We know that a sensible central bank would eventually do something else to stop the whole thing rolling before aggregate planned nominal expenditure gets too big for consistency with the inflation or whatever target. Because there is a supply-side and Phillips Curve out there somewhere. If this process doesn't stop by itself, the central bank will make it stop. This is not a long run story. It won't explain long run increases in money or debt. And it is not a story about all growth in income, because it is perfectly possible to have income growth where planned and expected and actual expenditure and income are all the same. It's a demand-side story of the transition from one growth path to another, where expectations may be false during that transition.

We are talking about a Hayekian process in which individuals' plans and expectations are mutually inconsistent in aggregate. We are talking about a disequilibrium process in which people's plans and expectations get revised in the light of the surprises that occur because of that mutual inconsistency. We are talking about what Old Keynesians talk about when they zig-zag slowly to the equilibrium point in the Keynesian Cross diagram. We are talking about what monetarists talk about when they talk about the hot potato process where the actual stock of money is greater than the quantity of money demanded.

I have blogged about this before. And again before that.

154 comments

  1. Nick Rowe's avatar

    TMF: No. I used leverage when I got a mortgage to buy my house, but I am not a bank.
    I don’t think that Bill Mitchell would say that the theory of loanable funds assumes a 100% capital requirement. If he did, he was wrong.

  2. Too Much Fed's avatar

    Here is a post by Bill Mitchell on loanable funds. See Q1.
    http://bilbo.economicoutlook.net/blog/?p=11022
    What do you think of it about loanable funds?

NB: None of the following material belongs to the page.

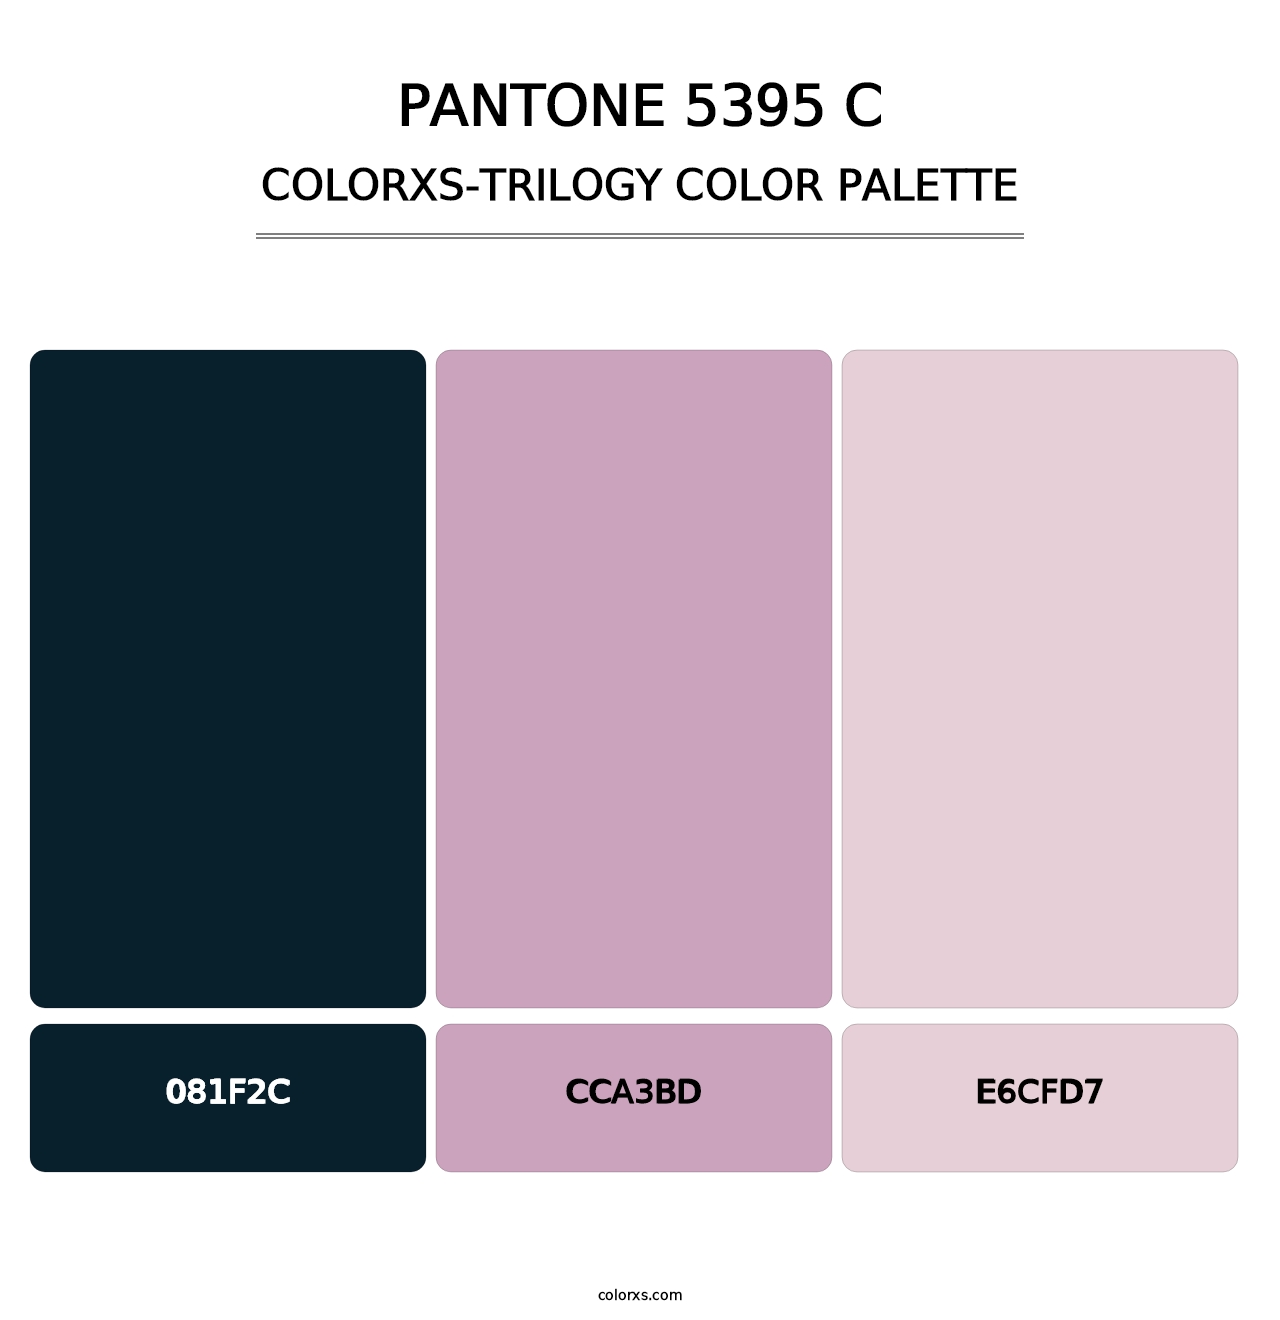 PANTONE 5395 C - Colorxs Trilogy Palette

  3. Too Much Fed's avatar

    Here is another post by Bill Mitchell on loanable funds. See Q1.
    http://bilbo.economicoutlook.net/blog/?p=21711

  4. Too Much Fed's avatar

    Nick said: “I used leverage when I got a mortgage to buy my house, but I am not a bank.”
    Let’s keep going with that. Nick wants to buy a house for $100,000. He saves $10,000 for a 10% down payment. He needs to borrow $90,000. I save $9,000. Nick will fail to buy the house for $100,000 if he borrows directly from me.
    Instead, I start a new bank with $9,000 so that the equity of the new bank is $9,000. Assuming a 10% capital requirement for mortgages, Nick can now borrow $90,000 from the new bank.
    How should that difference be described? Is there such a thing as “money” leverage?